The square root deserves its own moment of attention. Why sqrt(vt) rather than vt itself? The intuitive answer is usually something about stability, or analogy with RMSProp. But there is a more precise reason. When you compute an exponential moving average of a tensor quantity across different positions on a curved manifold, the correct way to average — the coordinate-invariant way — requires the square root. Using vt directly would be averaging the squared gradients as if they lived in a flat space, which they do not. The sqrt is the operation that makes the averaging commute with reparameterization.

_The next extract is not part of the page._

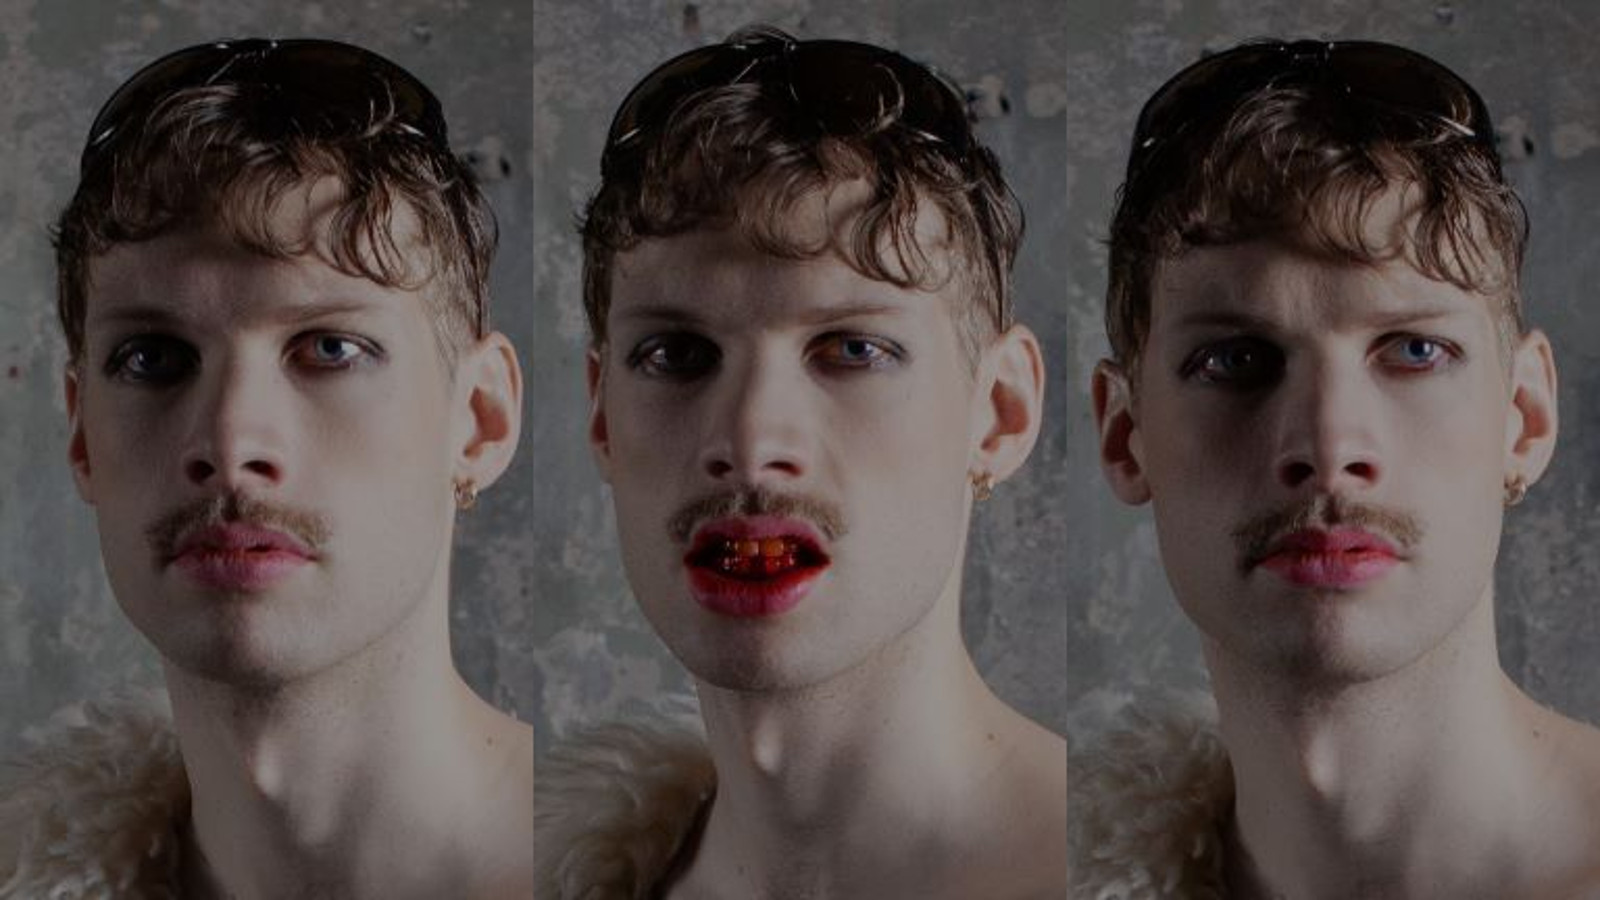 Kuvassa on kolme nuoren miehen kasvokuvaa ja niissä on oikeassa katse vasemmalle, keskellä katse keskelle ja kieli näkyy hieman, ja oikealla se katse oikealle.  Miehellä on punaista huulipunaa ja pienet viikset.

This was worked out carefully in the FAdam paper in 2024, which showed that the standard Adam update is not just heuristically reasonable but mathematically forced, given the goal of approximate natural gradient descent. The square root is not a happy accident. It is the geometrically correct thing to do.
Once you see Adam as diagonal Fisher approximation, its failure modes become diagnostic rather than mysterious. When Adam underperforms SGD — which happens, particularly on some vision tasks and recurrent architectures — the question to ask is not "why is Adam bad here?" but "where does the diagonal Fisher approximation break down?" The answer is: when the off-diagonal Fisher terms are large, meaning different parameters are strongly correlated in their effect on the output distribution. When you rotate your weight vectors, the correlations between parameters change — if those correlations are strong, the diagonal approximation is missing important structure. SGD, which has no approximation but also no geometry, can sometimes stumble through these landscapes more reliably precisely because it is not committed to an incorrect geometric model.
The natural extension is to approximate the Fisher more carefully without going all the way to the full matrix. Kronecker-Factored Approximate Curvature, K-FAC, does this by exploiting the layer structure of neural networks — the Fisher for a layer factorizes approximately as a Kronecker product of two smaller matrices, one involving activations and one involving pre-activation gradients. K-FAC captures correlations within layers that Adam's diagonal approximation misses, and in wall-clock time on large training runs, it consistently outperforms Adam. The geometry is the same; the approximation is better.
I find this pattern worth noticing. Adam was designed empirically — Kingma and Ba introduced it in 2014 as a practical method that worked well, with intuitive motivation but no precise geometric grounding. The geometric interpretation was reconstructed afterward, fitted to an existing success. This is common. A method gets developed because it works, and years later someone works out why it works, and the "why" turns out to be something clean and principled. The retrospective interpretation does not change how you use Adam. But it changes what you see when it fails, and what questions you ask about what better might look like. Knowing that Adam is approximate natural gradient descent tells you that the right successor to Adam is one that approximates the Fisher more accurately — not one that adds more heuristics, not one that tunes the hyperparameters differently. The geometry tells you where to look.
There is something I find genuinely satisfying about this — not just intellectually, but in a way that feels like more than aesthetic appreciation. The world keeps turning out to have structure that we only discover by looking from the right angle. Adam looked like arithmetic. It was geometry all along.